По-видимому, при работе над Дубровским тема безумия сильно занимала воображение Пушкина. В одном из планов продолжения повести значится сюжетный ход, связанный с сумасшествием Владимира Дубровского: «Свадьба похищение хижина в лесу, команда, сражение franc? Сумасшествие Распущенная шайка» (VIII, 833). Есть основания полагать, что слово «сумасшествие» относится к Владимиру Дубровскому, а не к Маше Троекуровой. Дело не только в том, что к Владимиру относятся сюжетные ходы, соседствующие со словом «сумасшествие» («сражение», «распущенная шайка»). Важнее то соображение, что цельные натуры, подобные Маше Троекуровой, по представлениям эпохи могли сойти с ума только от несчастной любви, а здесь любовь взаимная. Важно и то, что Пушкин в прозаических произведениях обрекает на безумие исключительно мужские персонажи (старый Дубровский, Германн, Пелам).

В связи с интерпретацией мотива сумасшествия как структурно значимого возможна расшифровка загадочного места в плане повести, до сих пор не получившего разъяснения. В пушкинской рукописи слову «сумасшествие» предшествует написанное латинскими буквами слово «franc», а справа от него значится длинная вертикальная черта и снизу справа от нее точка: franc |. В пушкинских изданиях черта обычно опускается, а точка переносится левее, к слову franc. Можно выдвинуть предположение, которое гипотетично и не претендует на обязательность, но, на наш взгляд, не лишено основания и обладает известной ценностью хотя бы потому, что никаких других попыток расшифровать загадочное место не делалось вовсе.

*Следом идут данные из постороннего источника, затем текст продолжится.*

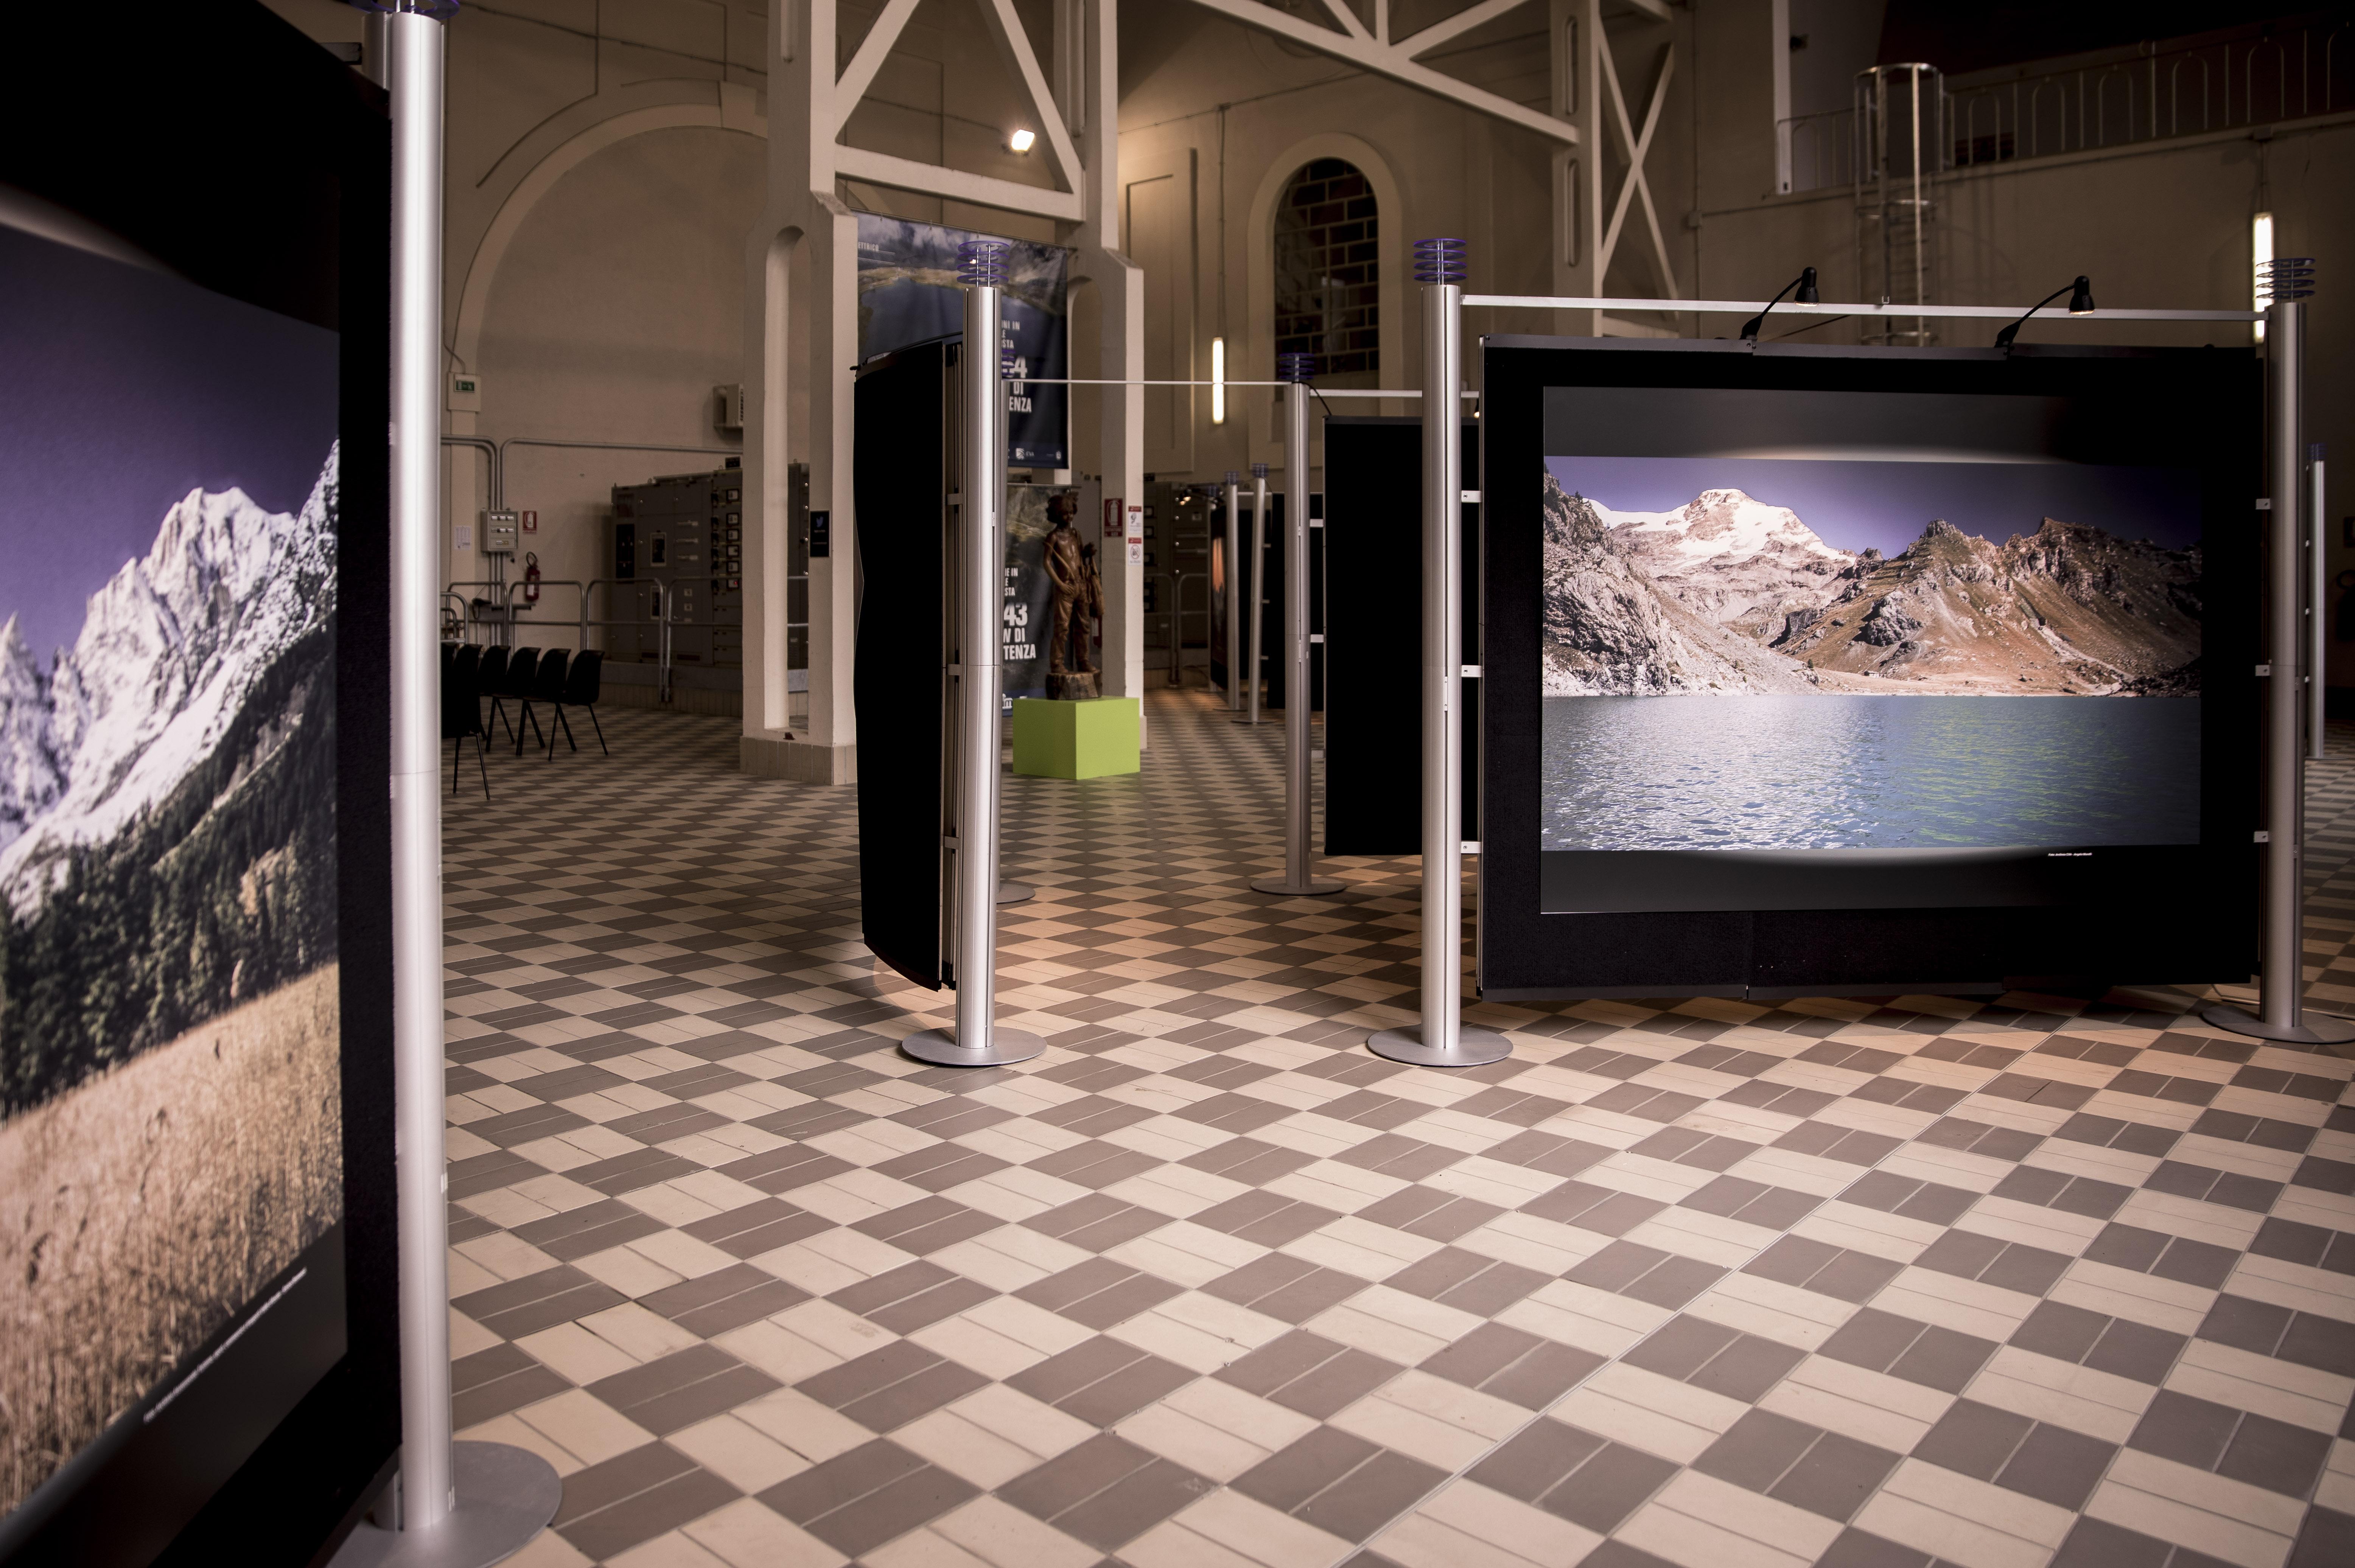 Mostra Montagne Artigiane - Maen 2018
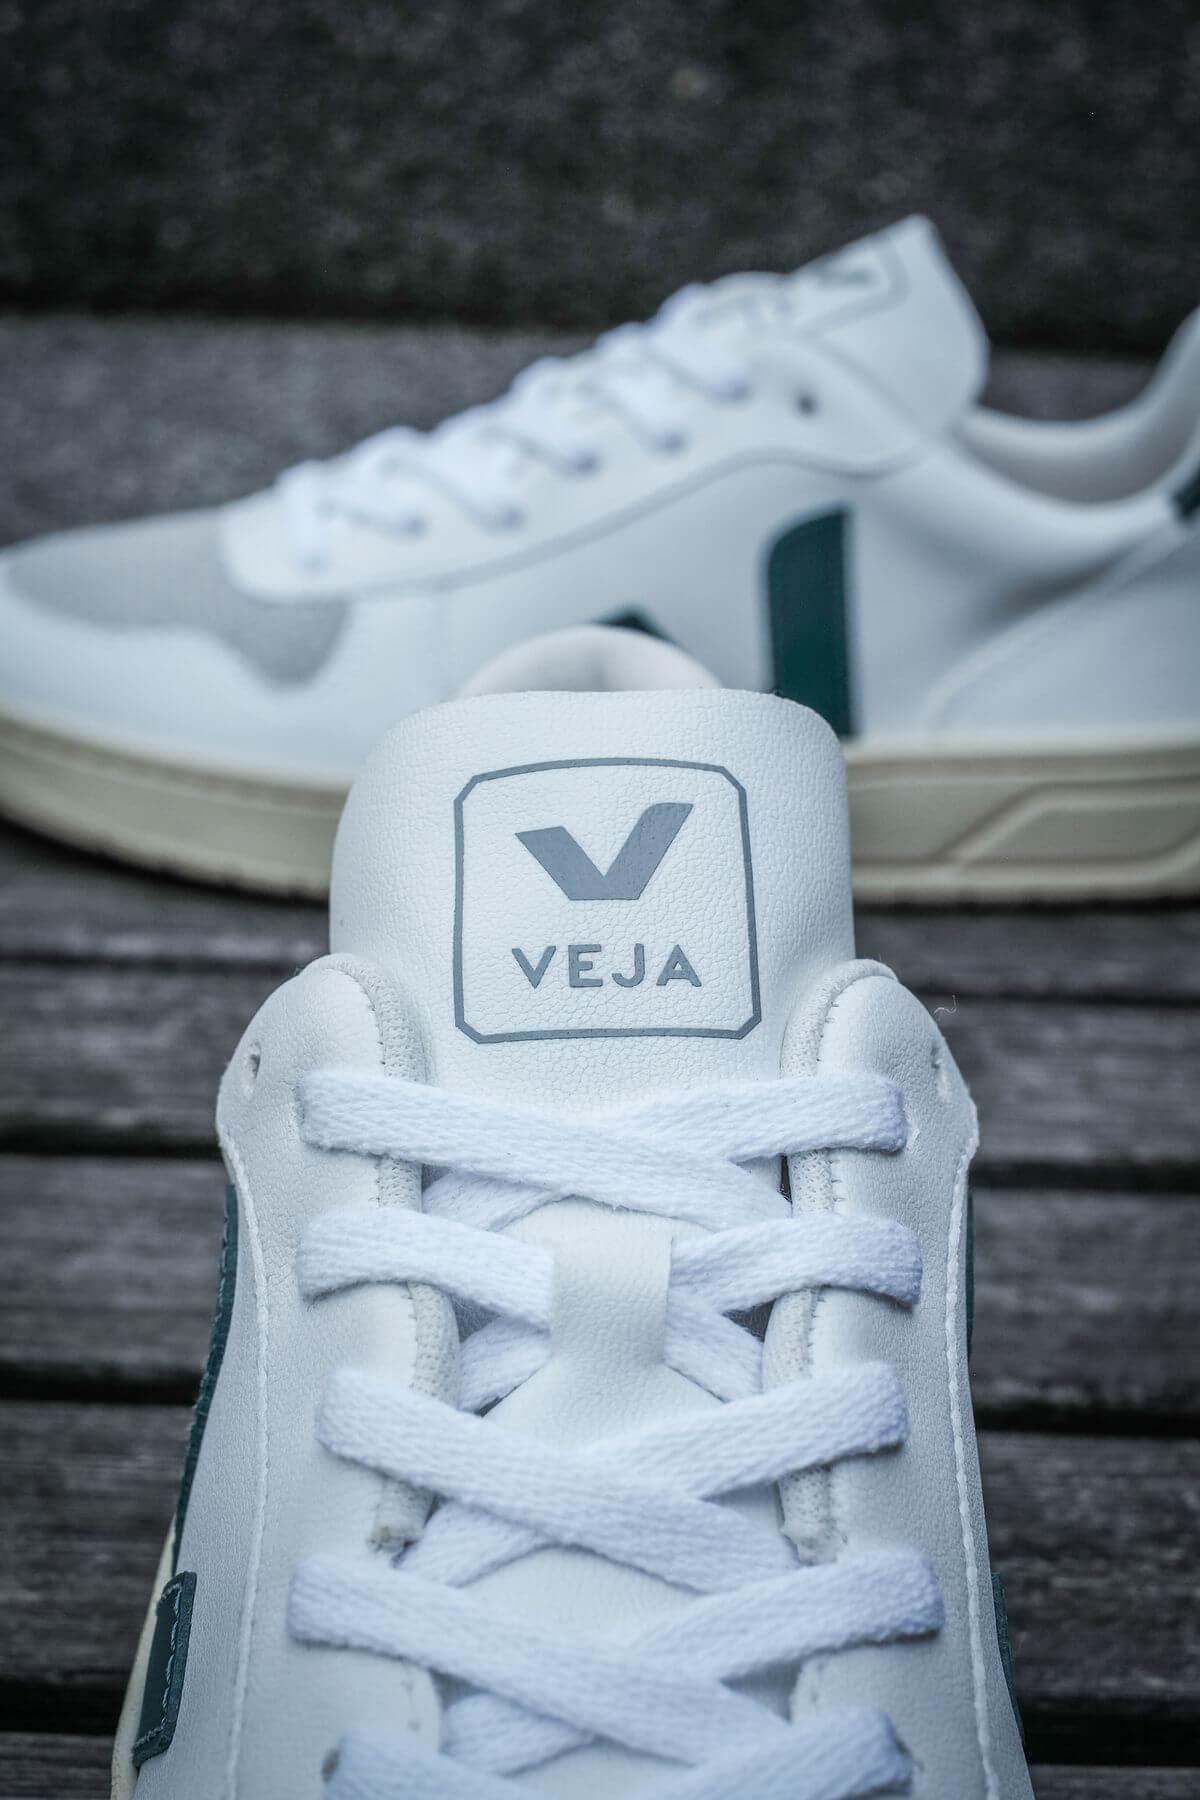 VEJA - V-10 CWL - white/brittany - butter sole - VX072733B

На наш взгляд, Пушкин здесь обозначил фамилию и инициал Йозефа Франка. В первой четверти XIX в. с Россией оказались тесно связанными два европейски знаменитых врача — отец Иоганн-Петер Франк (Johann-Peter Frank, 1745-1821) и его сын Йозеф Франк (Josef Frank, 1771-1824). Оба они — авторы многотомных трудов по медицине, их имена значатся в крупнейших энциклопедиях. По приглашению Александра I Иоганн-Петер Франк приехал в Россию, где был назначен лейб-медиком царя и первым ректором Медико-хирургической академии в Санкт-Петербурге (1805-1808).

Йозеф Франк еще более тесно связан с Россией. В течение двадцати лет (с 1804 г.) он — профессор Виленского университета, создатель многотомного практического руководства для врачей, в котором большое место уделено душевным болезням с приведением конкретных клинических случаев. Й. Франк опубликовал несколько брошюр на общие темы, среди них О влиянии французской революции на практическую медицину (Вильна, 1814, на франц. яз.). Примечательно, что его имя упомянуто в книге Ф. Лере Психологические фрагменты о безумии (напомним, что она хранилась в библиотеке Пушкина), как пример врача, успешно лечившего мономанию «моральным» методом Пинеля: «Йозеф Франк приводит исключительно интересный случай мании с бредом, против которого он с блестящим успехом применил моральное лечение»114.

Во всех печатных изданиях фамилии обоих Франков сопровождаются инициалами, чтобы отличить одного от другого. По-немецки оба имени начинаются с «J», но имя отца двойное и сокращается как «J-P». Пушкину, если наша гипотеза верна, необходимо было поставить инициал, чтобы отличить сына от отца. Зачем ему потребовалось поставить имя Йозефа Франка рядом со словом «сумасшествие»? Возможно, он хотел отметить для себя в плане повести, в какой интерпретации давать сумасшествие Дубровского или где искать описание аналогичного случая болезни. Менее вероятно, что Пушкин собирался вывести Й. Франка как действующее лицо (он уехал из России в 1824 г.). Заметим, что в пушкинских планах встречаются случаи упоминания имени знаменитого человека, который прямо с сюжетом произведения не связан. Например, в плане Капитанской дочки значится: «Екатерина. Дидерот. Казнь Пугачева». Дидро, как известно, прямого отношения к сюжету повести не имеет, но какие-то ассоциации побудили Пушкина упомянуть его имя в плане.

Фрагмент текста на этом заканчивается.